If you don’t already know that October is Breast Cancer Awareness Month, you must be:
- immune to advertising and marketing blitzes
- someone who never shops – even for groceries
- a person who has never had breast cancer
- a person who has never known anyone close to them with breast cancer
- someone with an aversion to pink
- a guy
- all of the above
From the “Run for the Cure” Komen Foundation to celebrity Sheryl Crow, everyone is talking breasts, showing breasts, and feeling breasts – while marketers are fervently hoping you will spend your way to “the cure,” by squandering your money on an array of make-up, teddy bears, candy, yogurt, jewelry, hats and other crap festooned with fluttery pink ribbons.
Not me.
It’s not that I’m against finding a cure for breast cancer, but people-of-the-pink, let’s get something straight. You aren’t bloody likely to find a cure until you find a cause, (or causes) and that is EXACTLY the line of reasoning the corporate sponsors of pepto-pink-awareness would have you avoid.

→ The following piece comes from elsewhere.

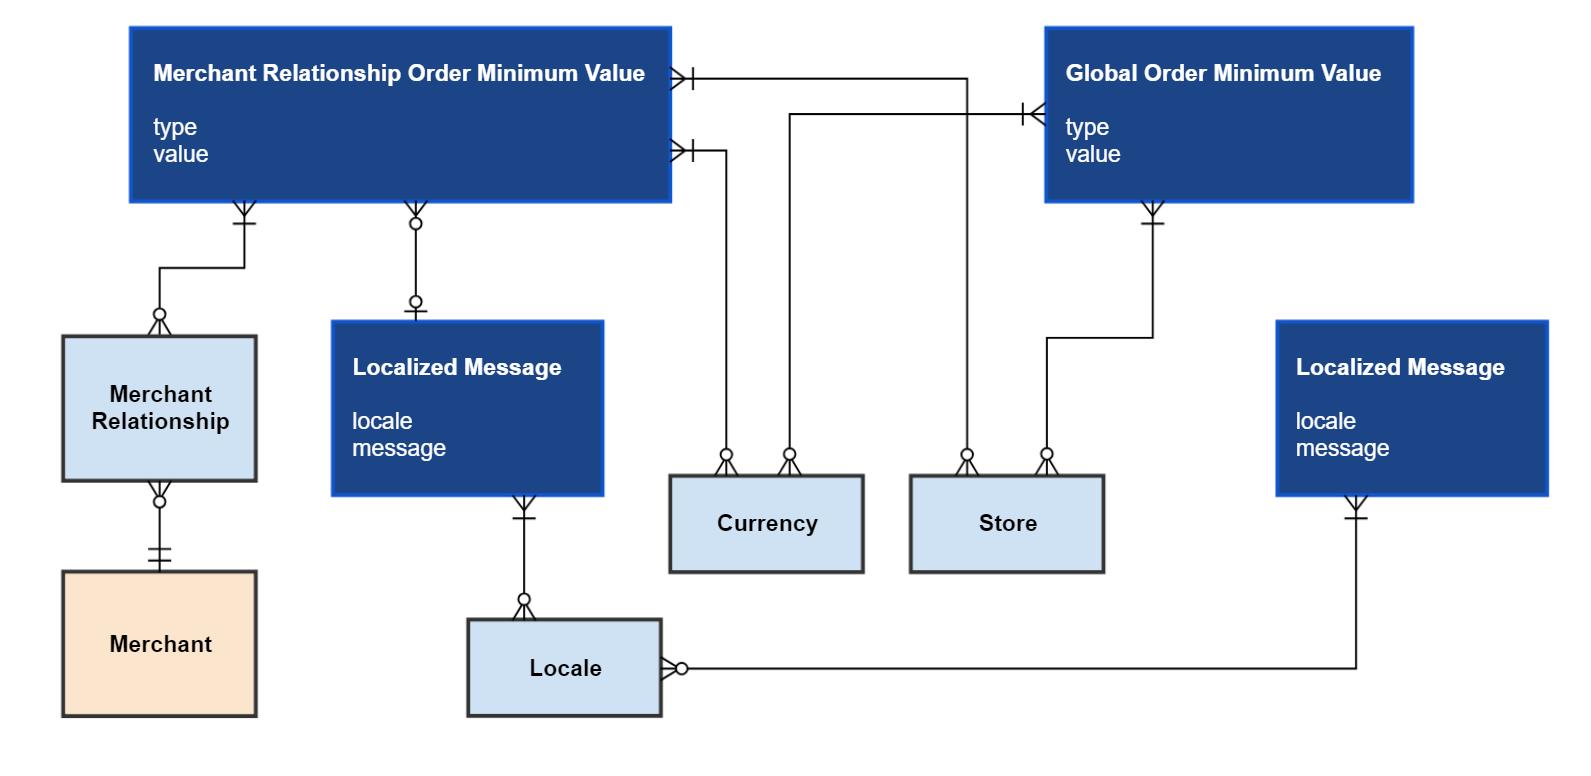 context-of-the-minimum-order-value-module

Barbara Ehrenreich wrote about the dirty side of pink in a first-person essay that appeared in Harper’s back in 2001. Since then, the anti-pink movement has grown slowly but steadily.
If you think that breast cancer exists in a disease bubble with no political ramifications for its current and future victims, I urge you to shake the pink rhinestones out of your eyes. Read. Ask questions. Stop buying pink-ribbon crap.
Breast cancer isn’t making us stronger, despite the relentless campaign to celebrate “survivors”. It’s killing us.
I’m with twisty on this, and I’ll be plunking down a chill $24.95 to order Pink Ribbons, Inc. from the University of Minnesota Press. I’m doing it for Mary, Patty, Debra, Virginia and all the other women I’ve known who have faced a diagnosis of breast cancer.
Who will you do it for?





WoW. I checked out the site you linked to, and I’m amazed that I hadn’t really thought about this campaign properly before…
Sharon Batt’s book about breast cancer, breast cancer research and the criminal alliance between medical schools, clinical research and pharmaceutical companies was the first feminist look at the breast cancer INDUSTRY. First published in 1994 in Canada.
Patient No More: The Politics of Breast Cancer
Batt’s examination of the American Cancer Society’s backroom relationship with the National Cancer Institute and its attitude toward women is truly illuminating. Begun early in the century by doctors who wanted to challenge the popular pessimism about cancer, ACS sponsors recruited influential people to advance an optimistic message of hope, even though they were well aware they hadn’t a due how to cure most types of cancer. The obsession with appearance has continued throughout the century. One Reach to Recovery volunteer, for example, was forbidden to visit patients without her prosthesis because, “We like our volunteers to look normal.”
Batt also gives us riveting revelations about professional in-fighting. Surgeons, who once “owned” breast cancer treatment now must jockey for prestige and control with an evercrowded field of specialists, including chemotherapists, radiotherapists, and oncologists. Meanwhile, researchers like to take credit for turning the tide against the radical mastectomy in North America, but it was really lobbying by women that ultimately led to treatment choices.